● **Available data**
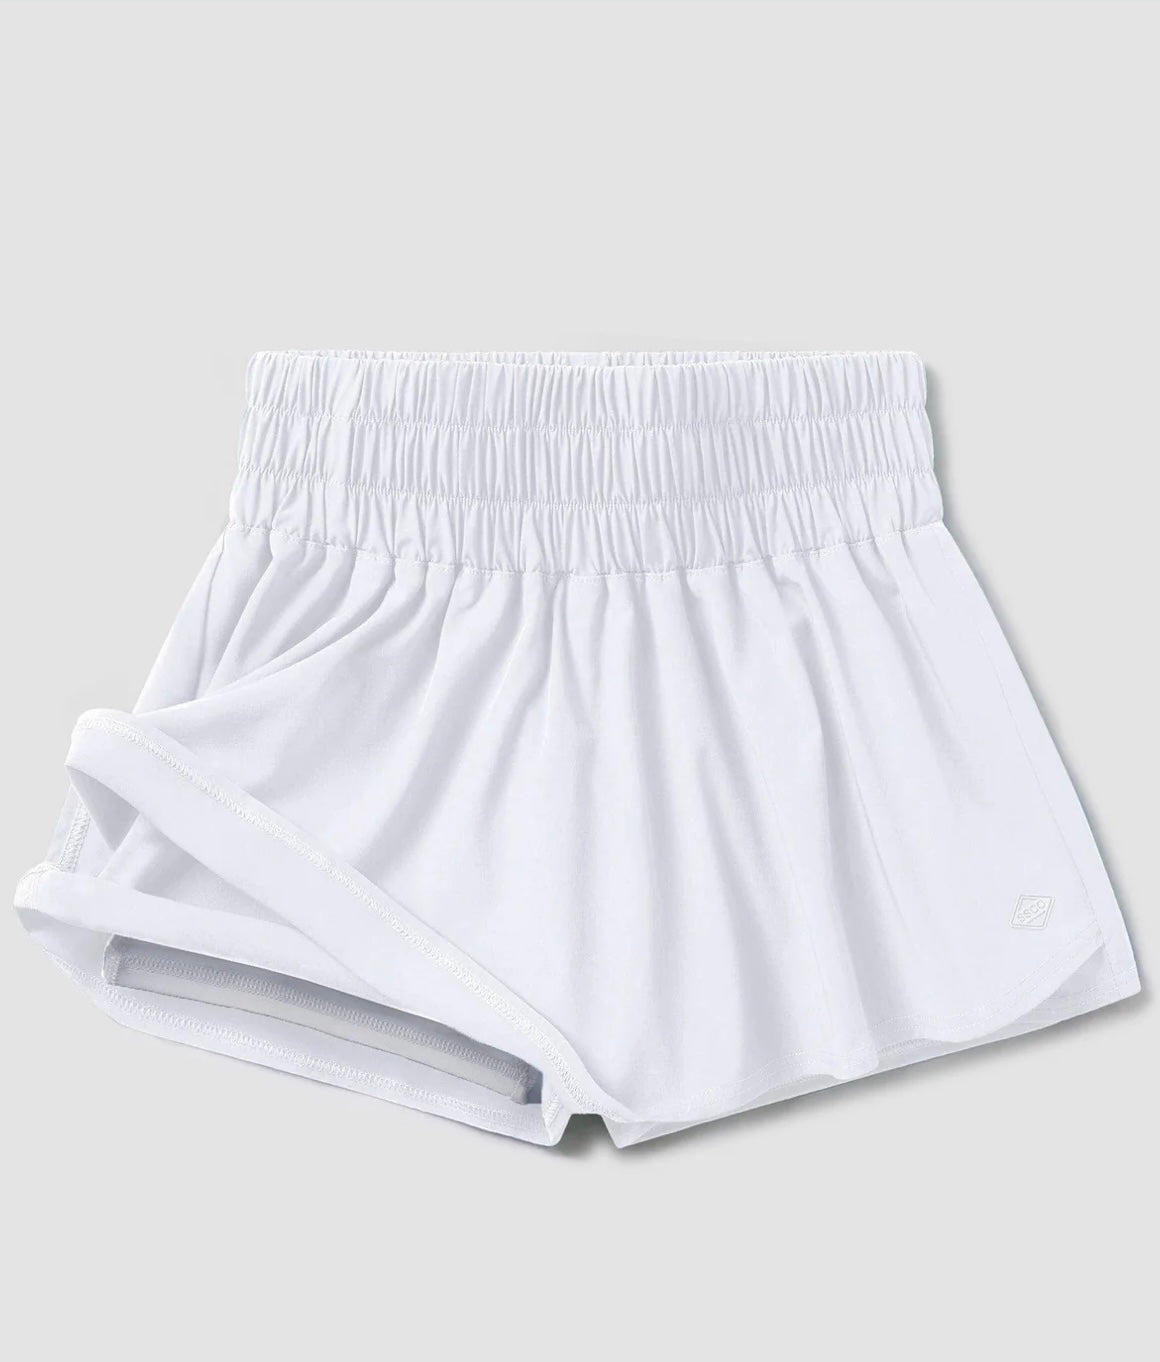 Women’s Hybrid Skort in Bright White by Southern Shirt Co.
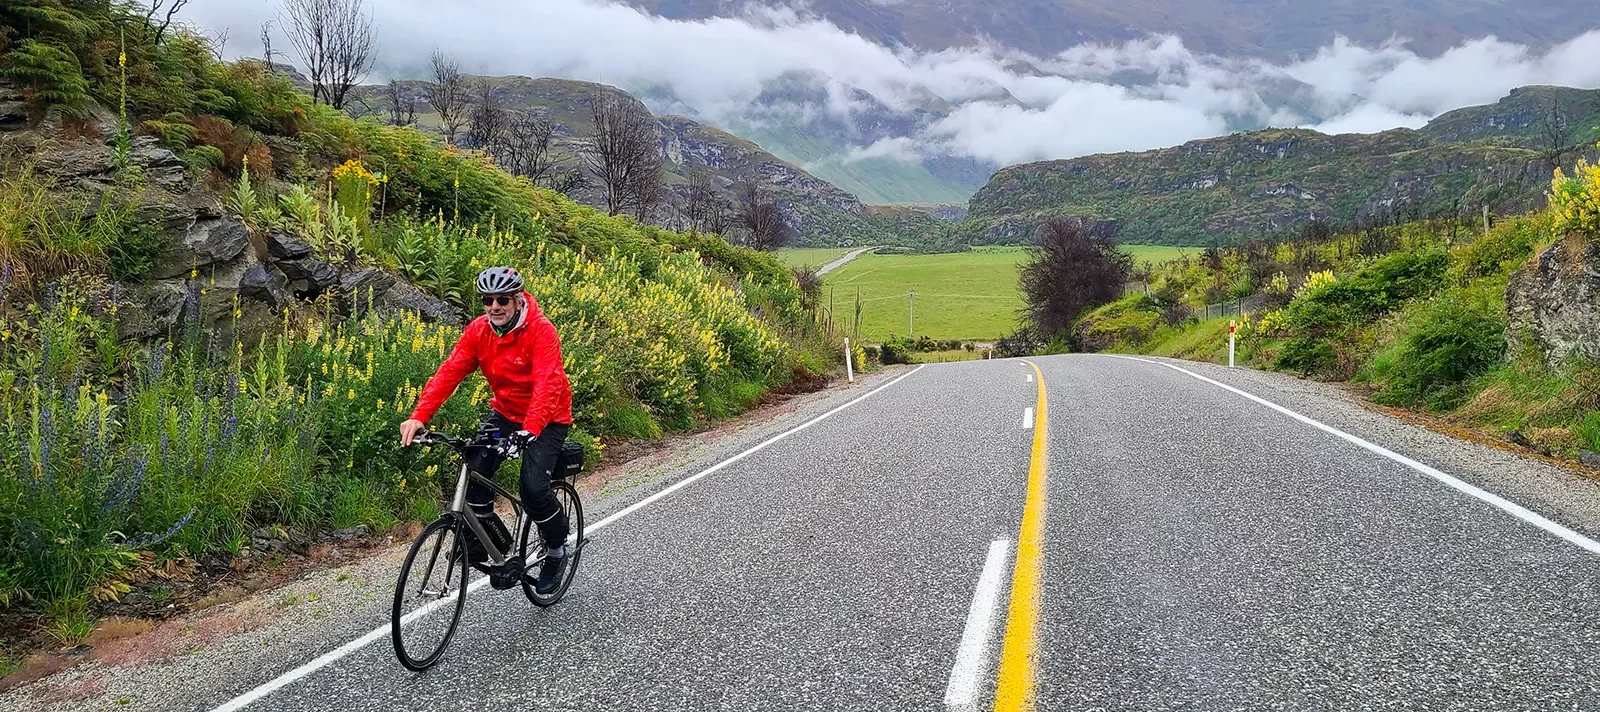 Bikers riding along a paved road in New Zealand
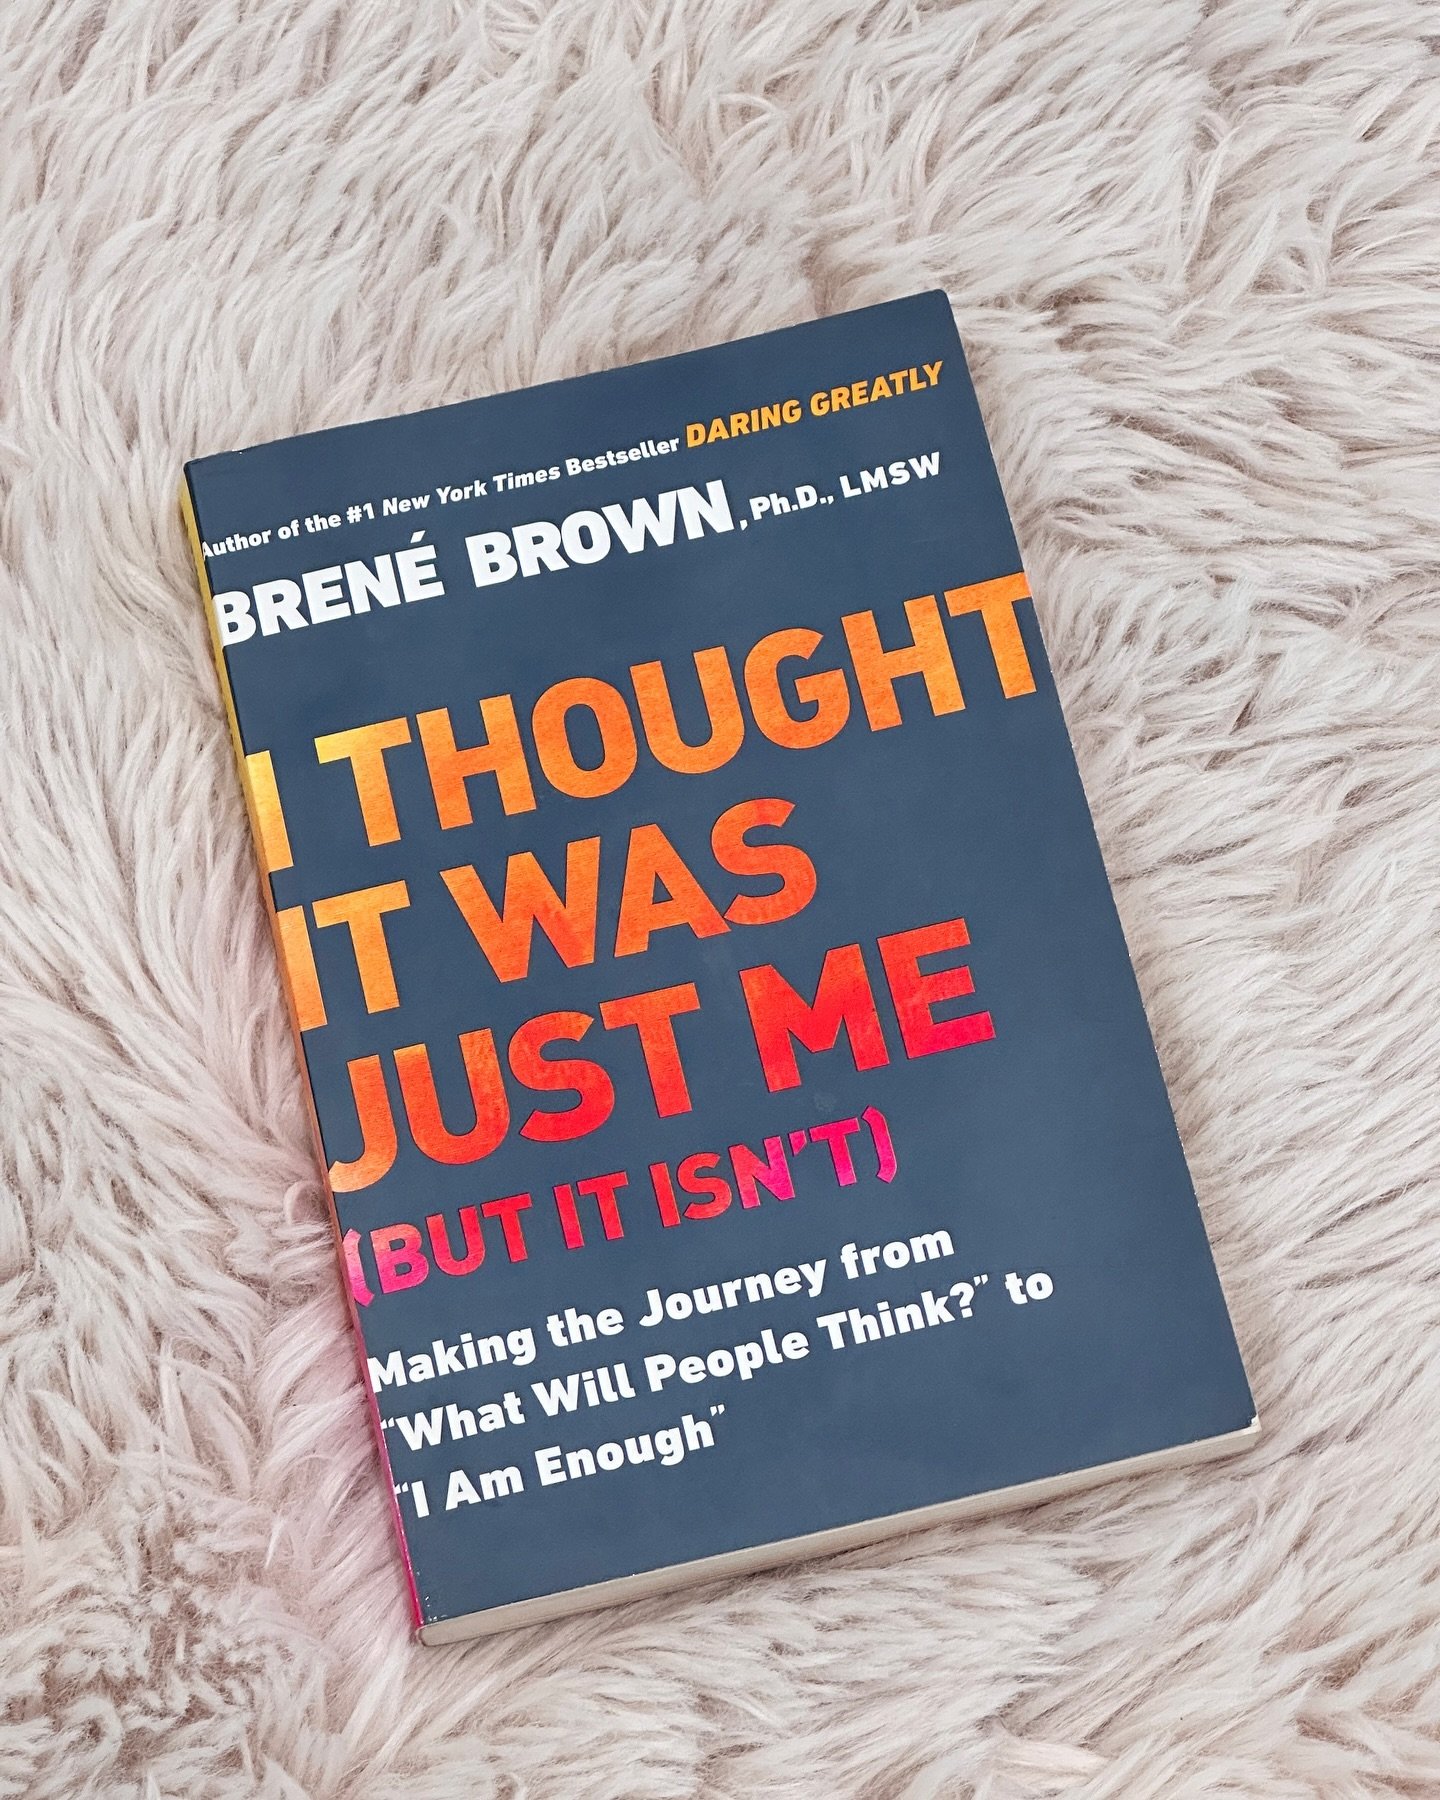 📖 Book of the Month 

Read with us!!! Every Month we will recommend a book that focuses on our monthly intentions.

Book: I thought it was just me (but it isn&rsquo;t)
Author: Bren&eacute; Brown
My Rating: ⭐️⭐️⭐️⭐️

Review: Making the journey from &
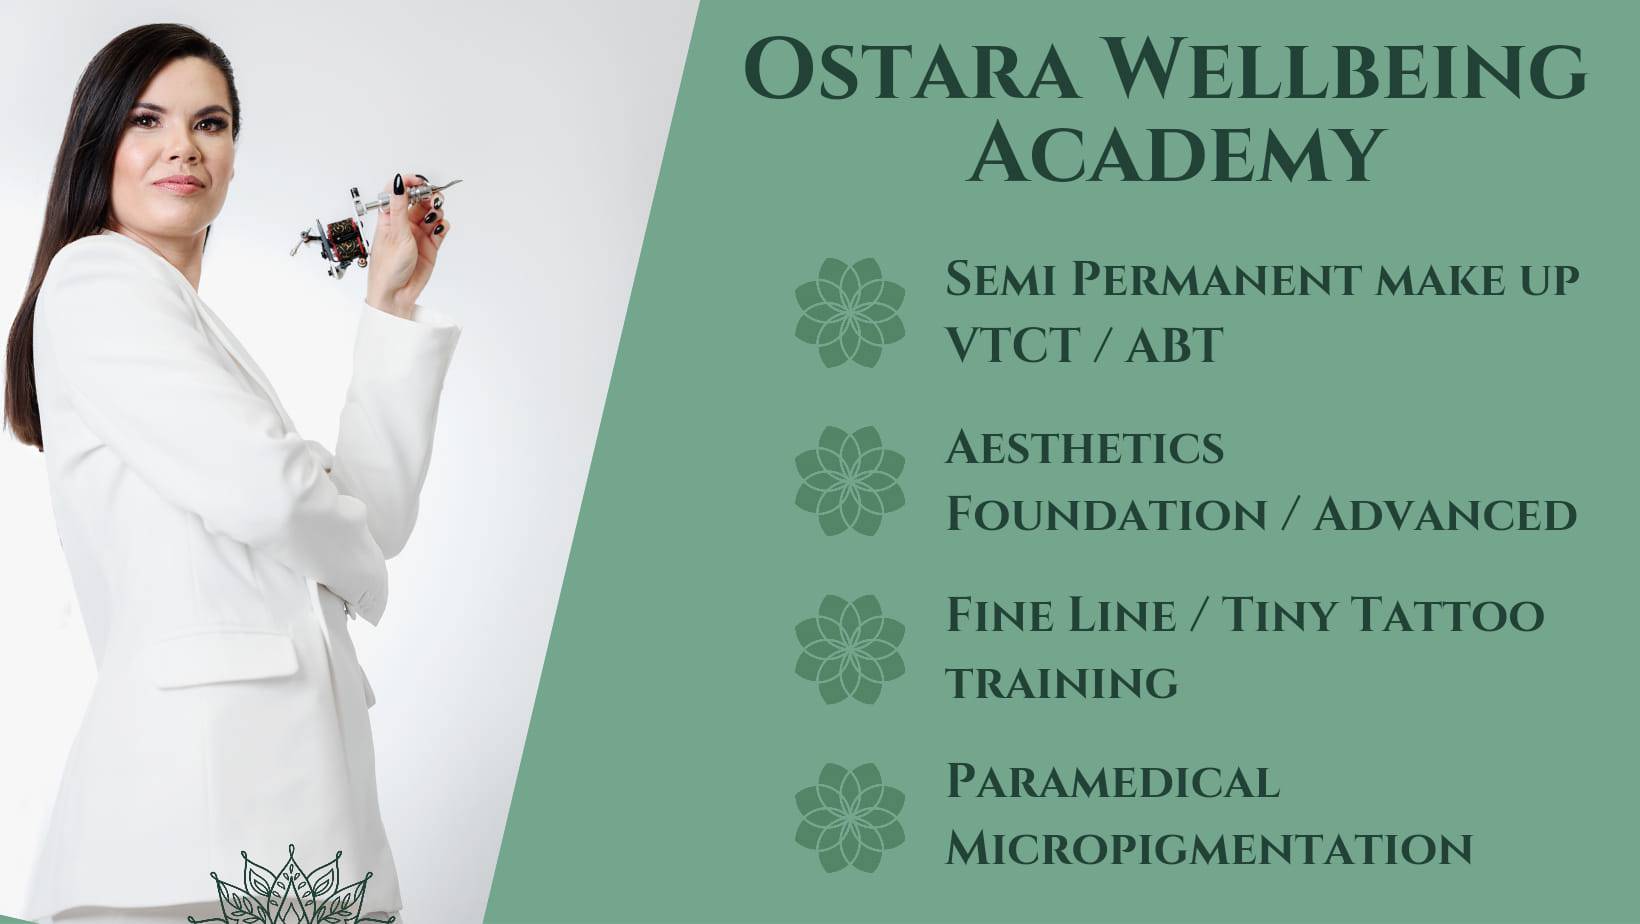 Ostara Wellbeing Academy - Offering the UK's First RQF regulated Tattoo Artistry Qualification

● **Assigned task**
An exact copy is needed of every line from the one holding "Bikers riding along" to the end of the entries above, both ends kept and each picture dropped.

● **Your response**
 Bikers riding along a paved road in New Zealand
 📖 Book of the Month 

Read with us!!! Every Month we will recommend a book that focuses on our monthly intentions.

Book: I thought it was just me (but it isn&rsquo;t)
Author: Bren&eacute; Brown
My Rating: ⭐️⭐️⭐️⭐️

Review: Making the journey from &
 Ostara Wellbeing Academy - Offering the UK's First RQF regulated Tattoo Artistry Qualification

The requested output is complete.